- COLLECTED MATERIAL -
***

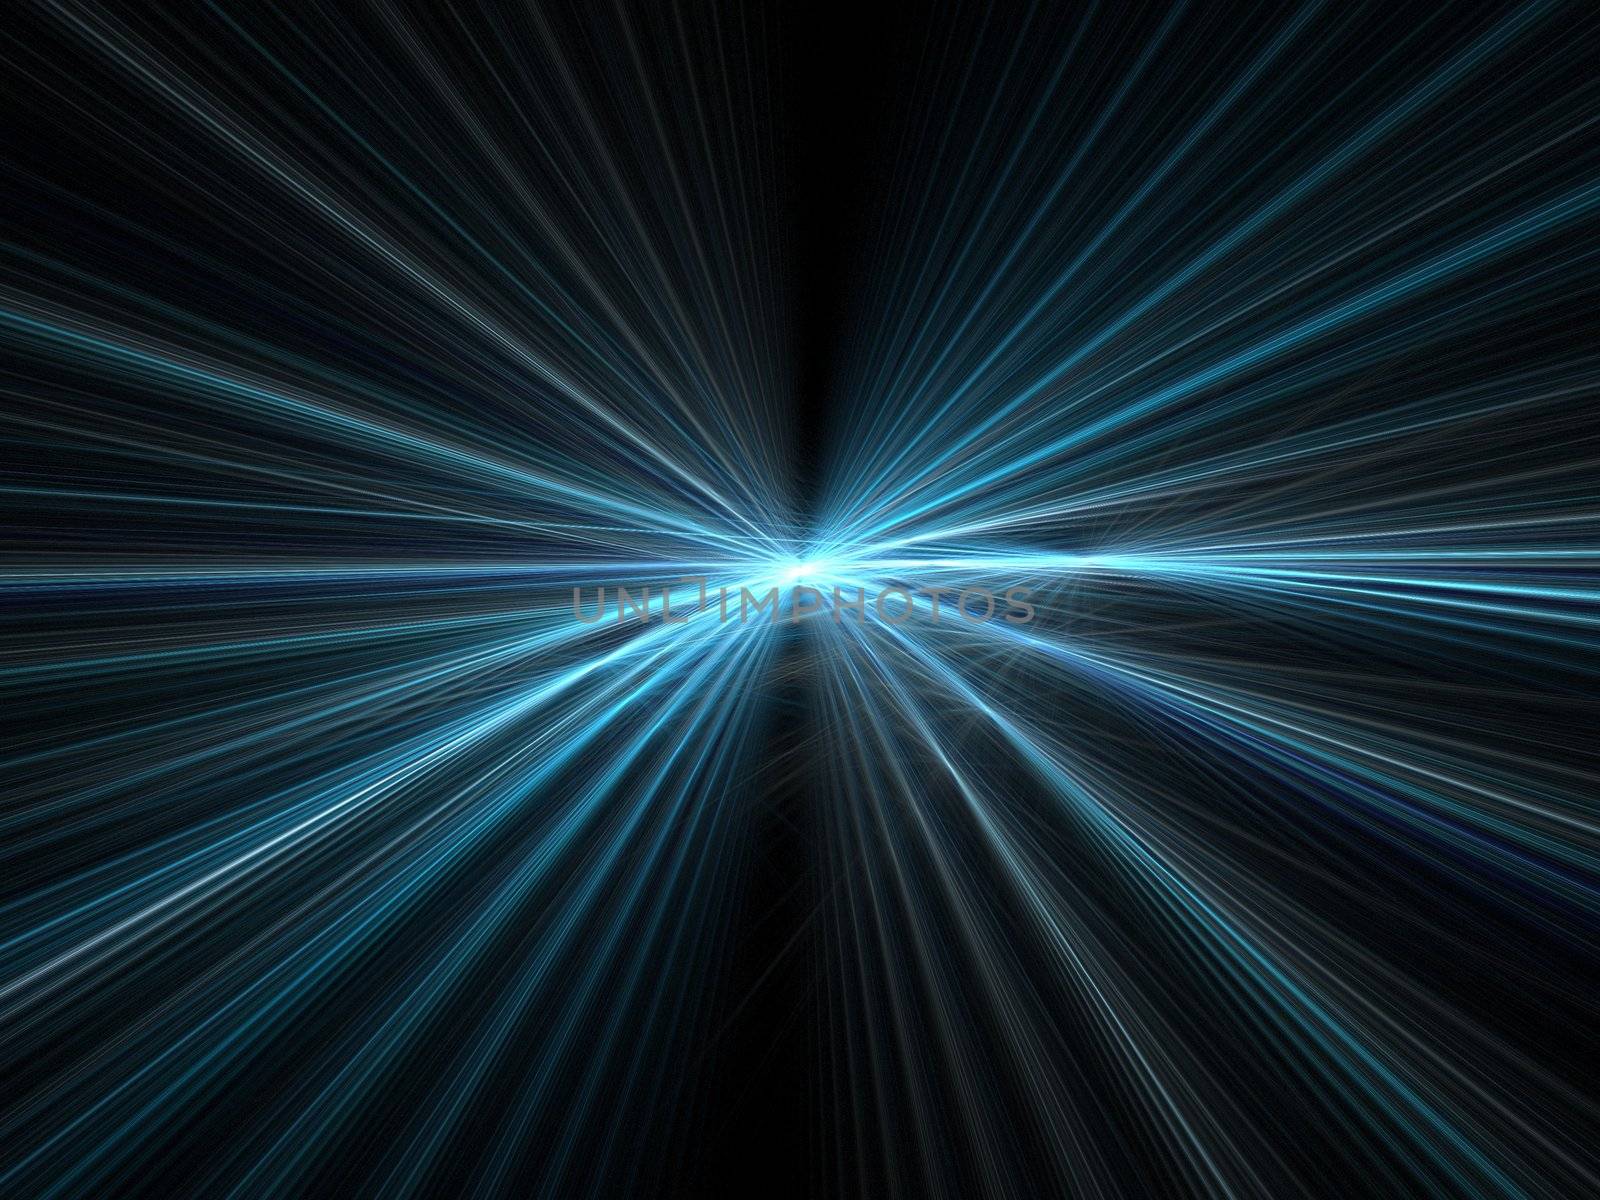 Abstract fractal background. Computer generated graphics. Incredible speed - blue motion light rays.
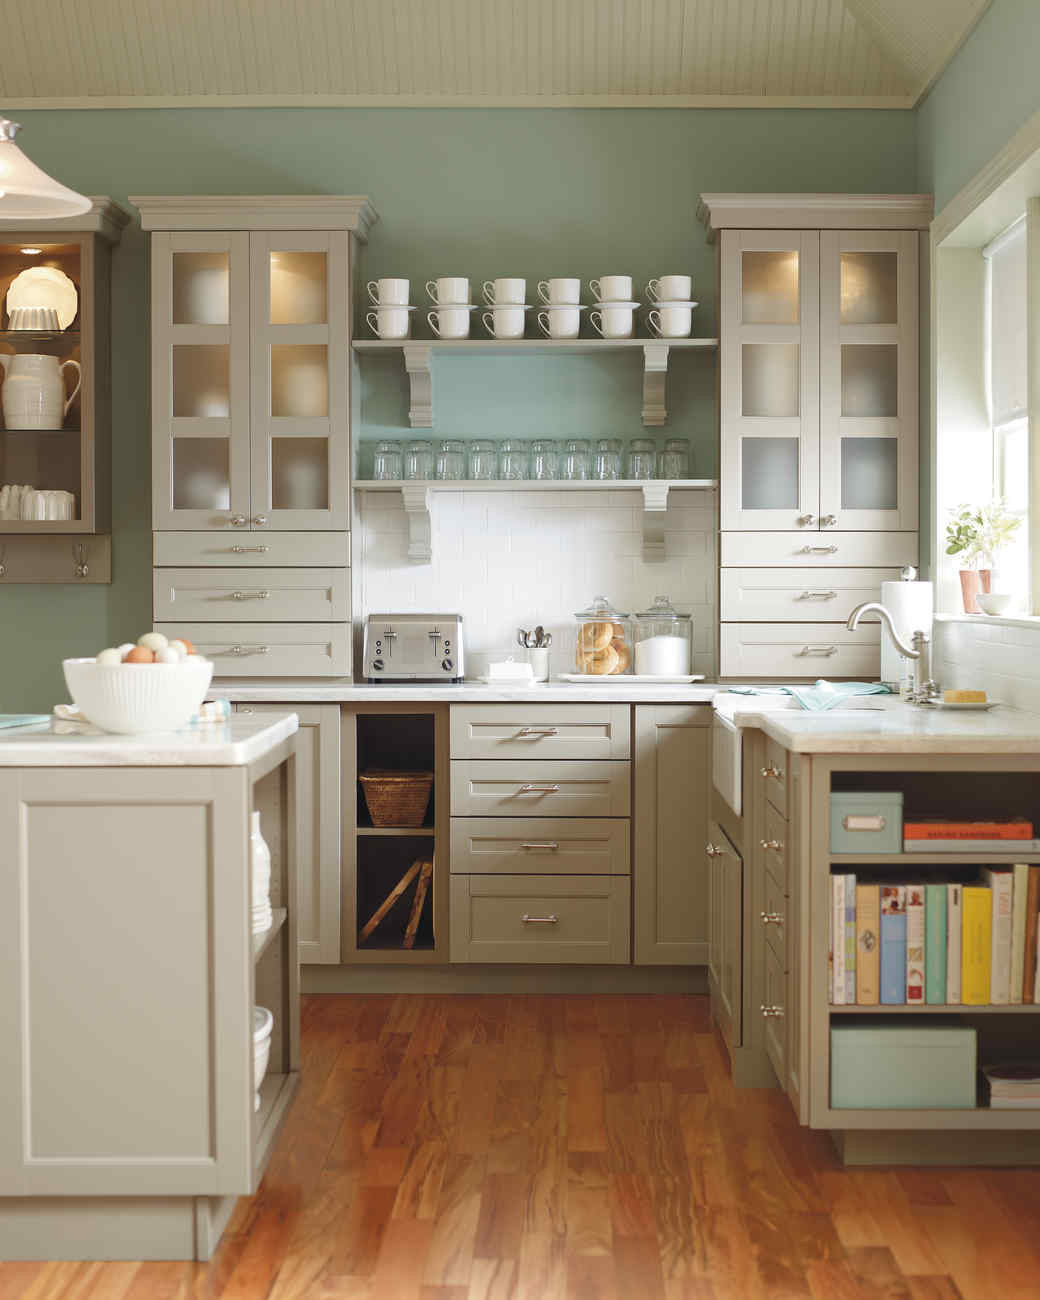 Best Colors For Small Kitchen
 How to Pick Kitchen Paint Colors
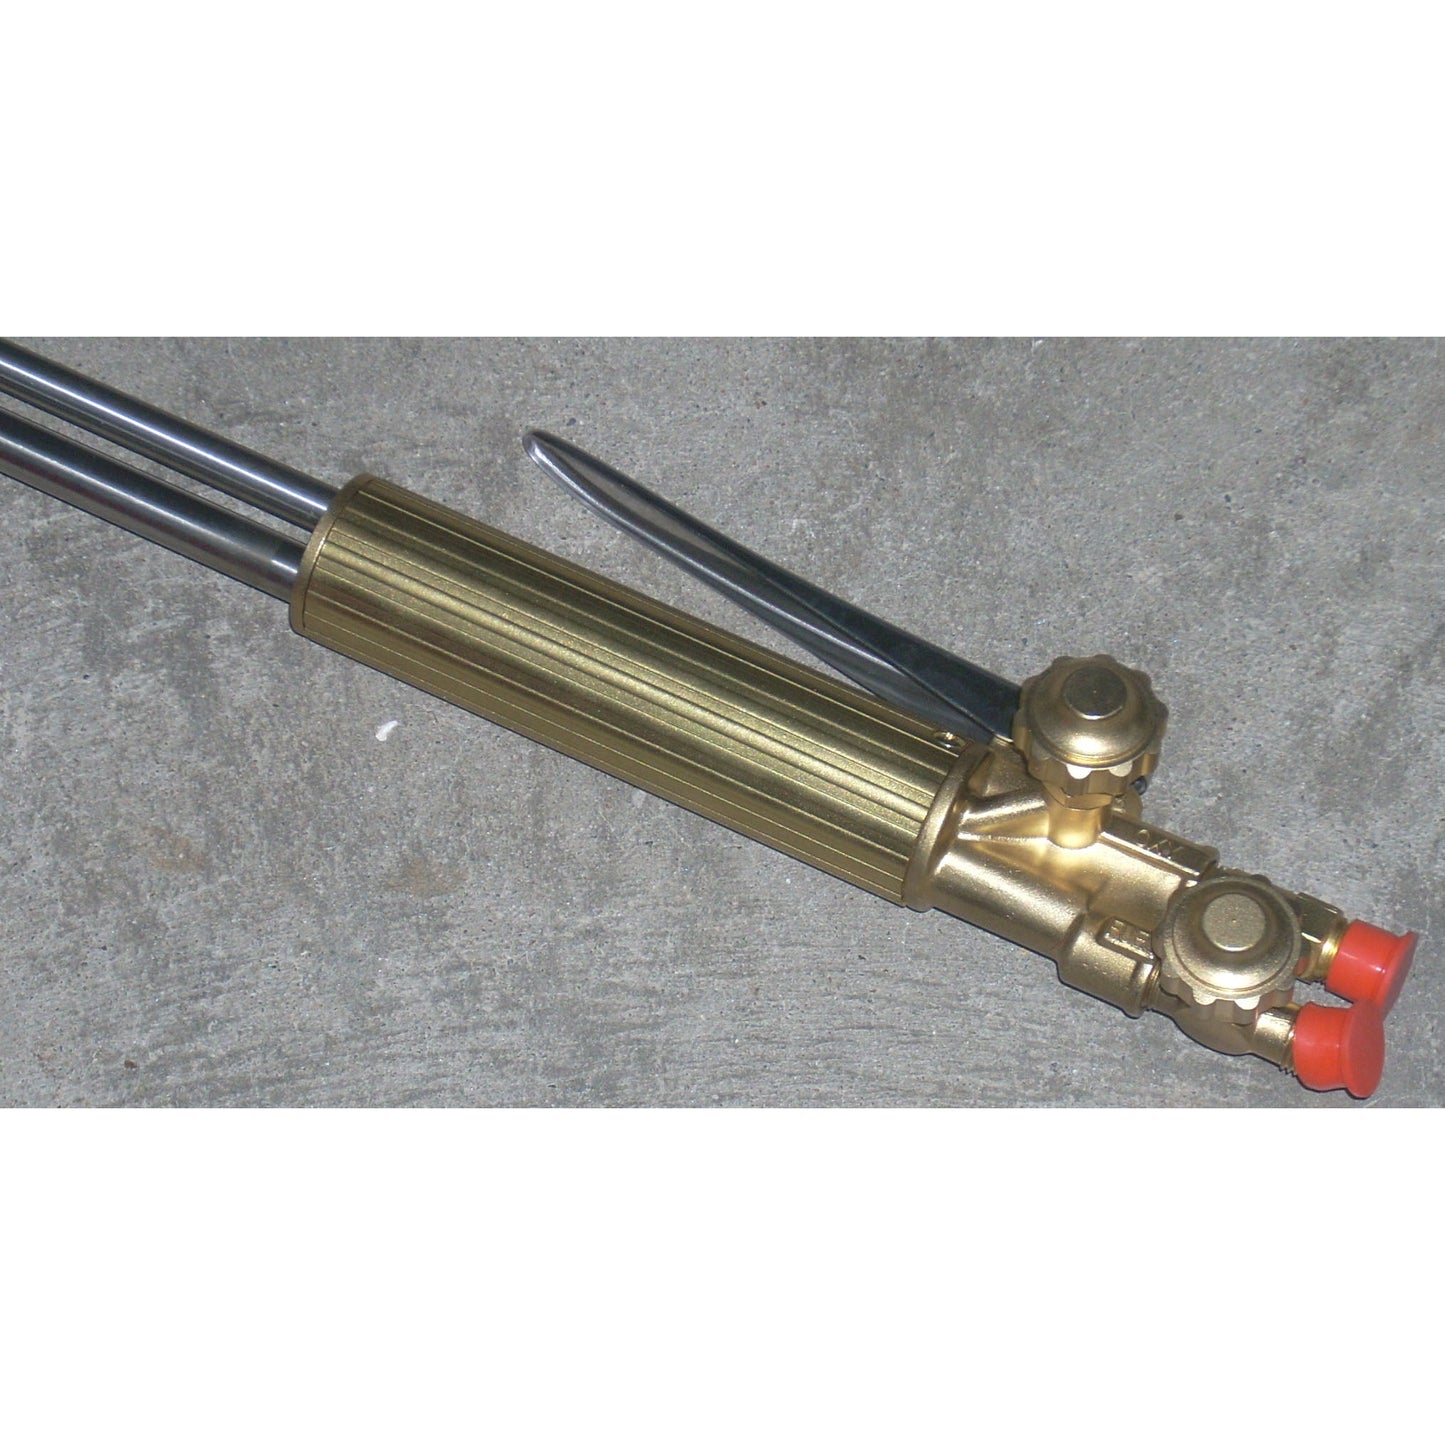 Victor style 48" Acetylene Cutting Torch 90 Degree

***

Every line from the one with "How to Pick Kitchen Paint Colors" through the end of the material above should be restated word for word, with the pictures left out.

- TASK SOLUTION -
 How to Pick Kitchen Paint Colors
 Victor style 48" Acetylene Cutting Torch 90 Degree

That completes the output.